The real fracture at the heart of the state is what President Hassan calls “a very delicate balance” between the centre and periphery. He knows that, for some Somalis, a yearning for independence may be defined in opposition to a central government as much as to an invading force. It is a calculation that weighs heavy on the new Mogadishu elite – whose members claim not to know each other’s clan, but know they can’t risk the ire of clan-aligned regions.
Twenty or so warlords made it into the new parliament. The government is so broke it may be unable to provide services to sell the spoils of peace to Somalis who otherwise refuse to see themselves as citizens of the same state. Several parts of the nation, such as Somaliland, assert total or partial independence; others answer to clan-based militias. Some of these militias are not afraid to make common cause with al-Shabaab.
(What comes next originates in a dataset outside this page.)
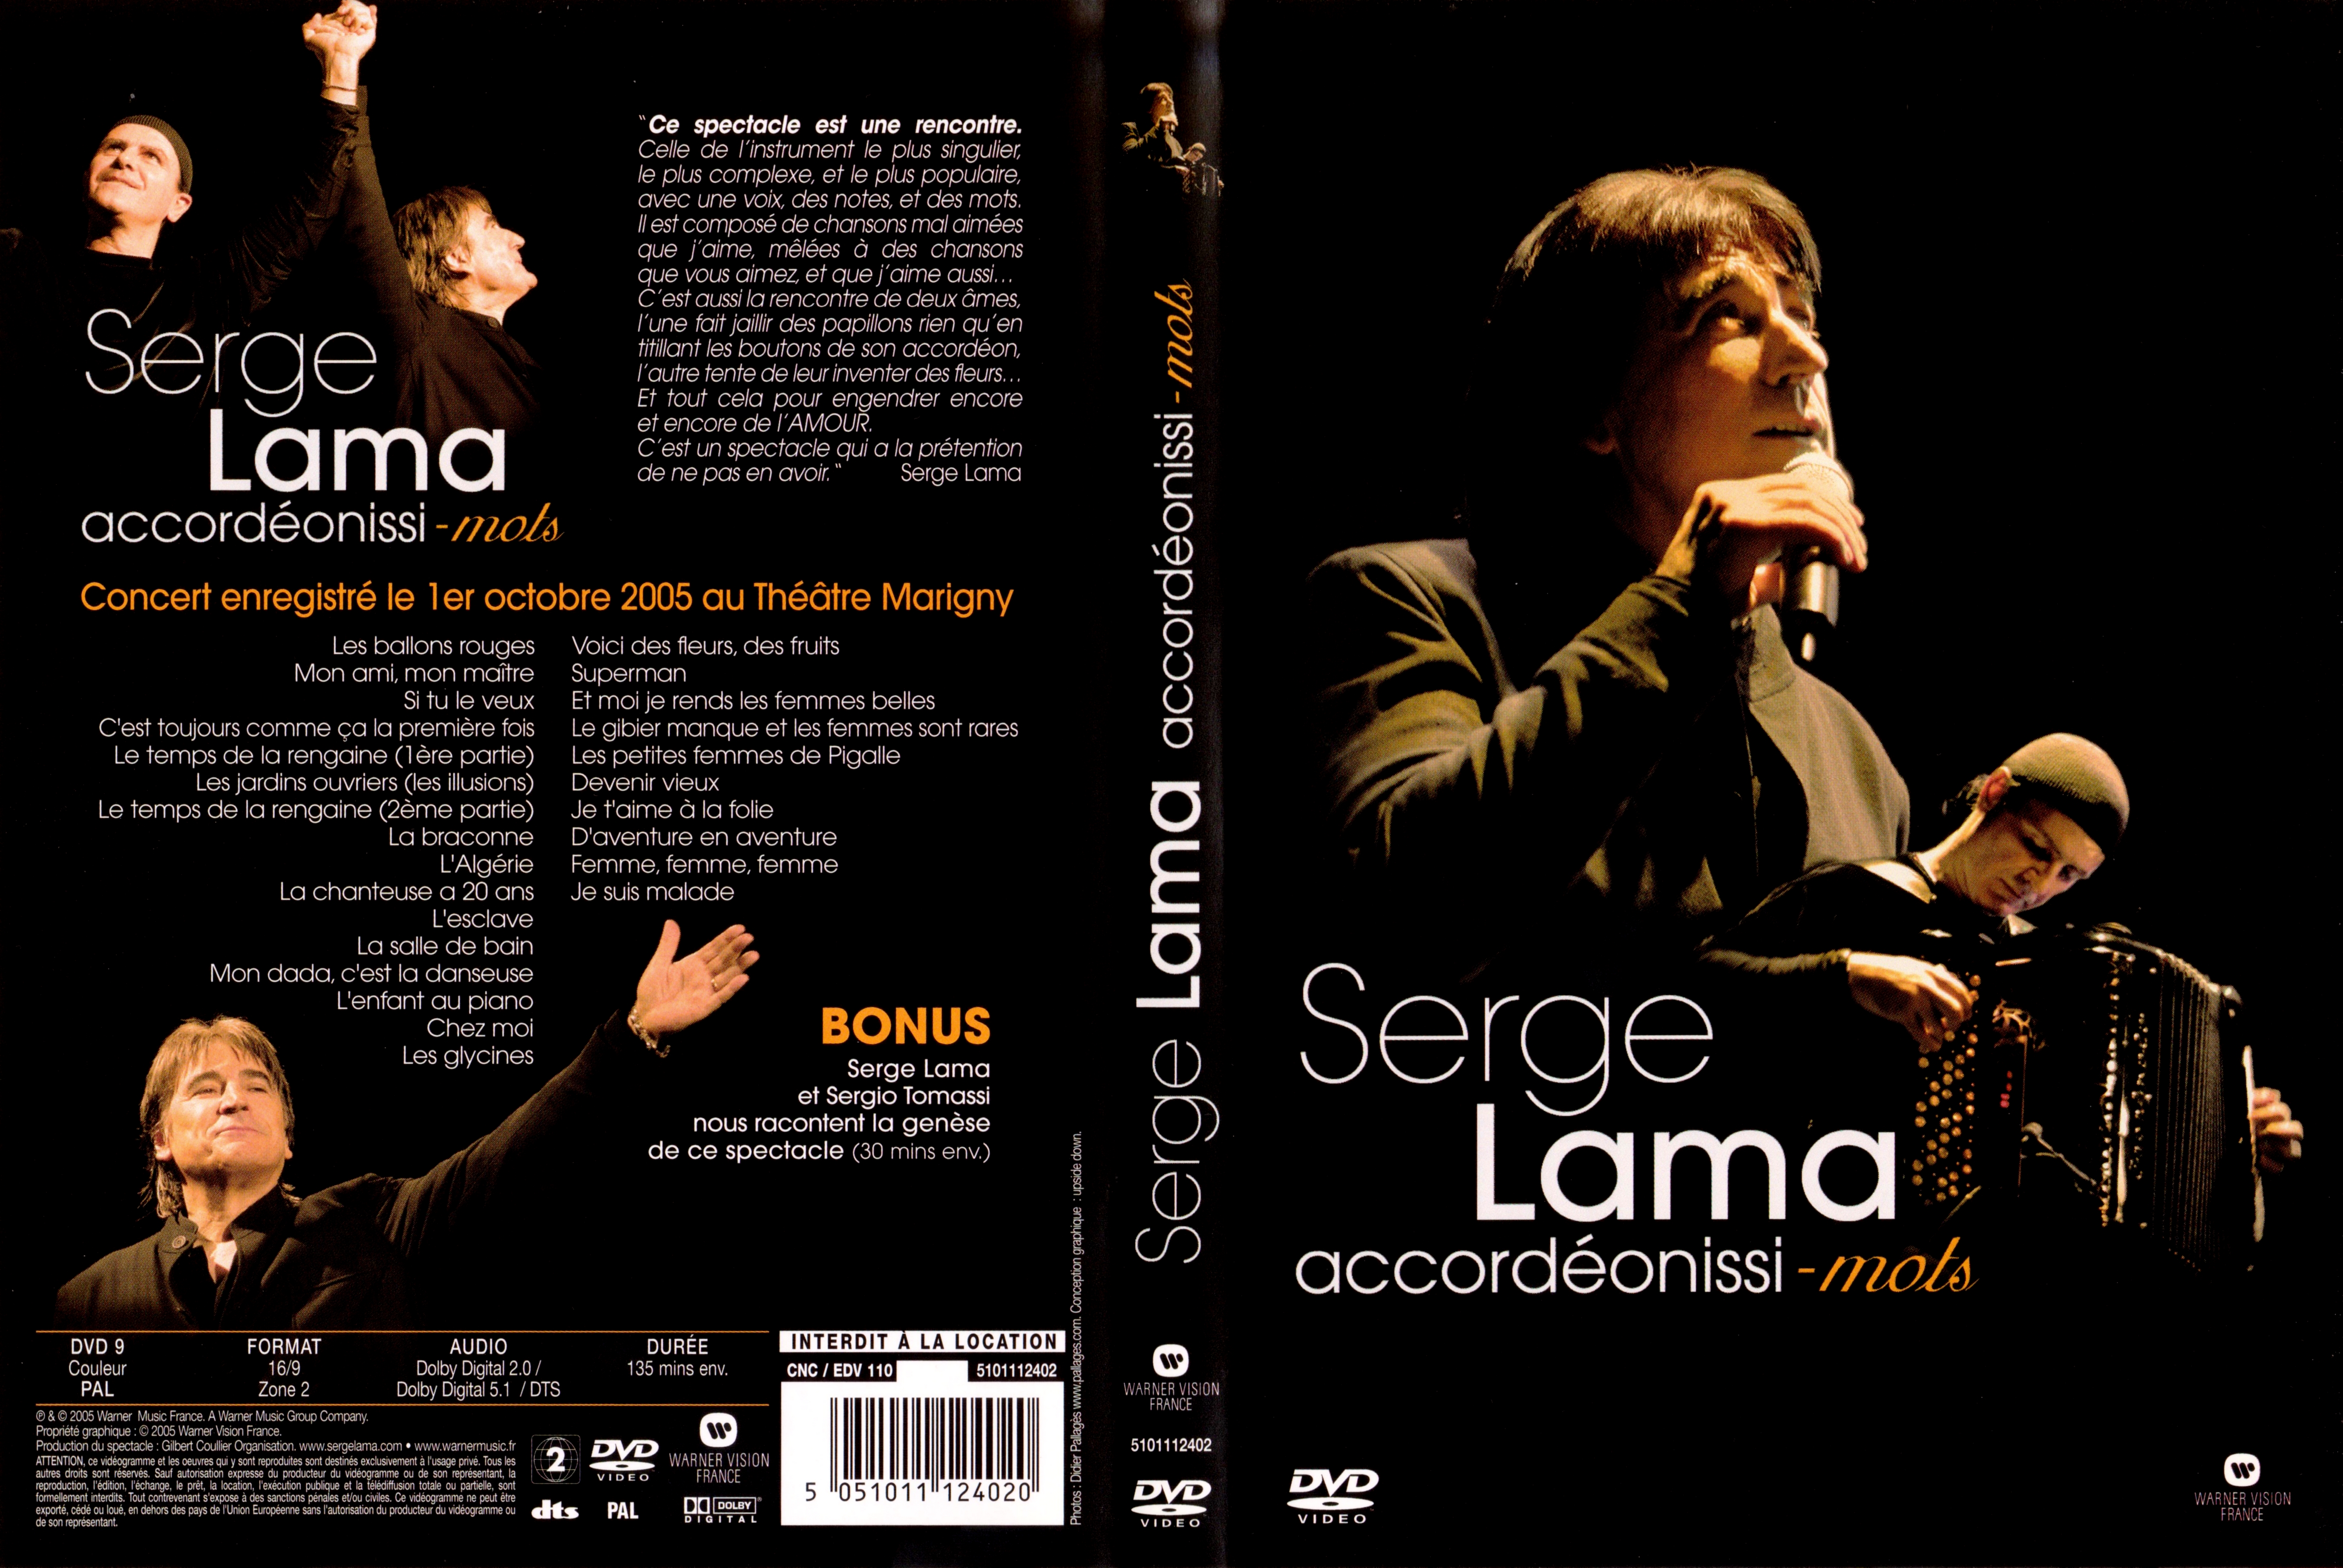 Jaquette DVD Serge Lama Accordeonissi-mots

“Right now our focus is not going into new battle with the regions or the federal units – we are in the process of establishing federalism and the constitution needs more clarification on these issues,” says President Hassan of a new provisional constitution. “This is the first time in the history of post-conflict Somalia where the government of Somalia is moving outside the capital Mogadishu,” he says. “After 22 years we need the citizens to feel that the existence of a government is a value added to their lives and not a mechanism that controls them.”
The fight for that functioning state has barely begun.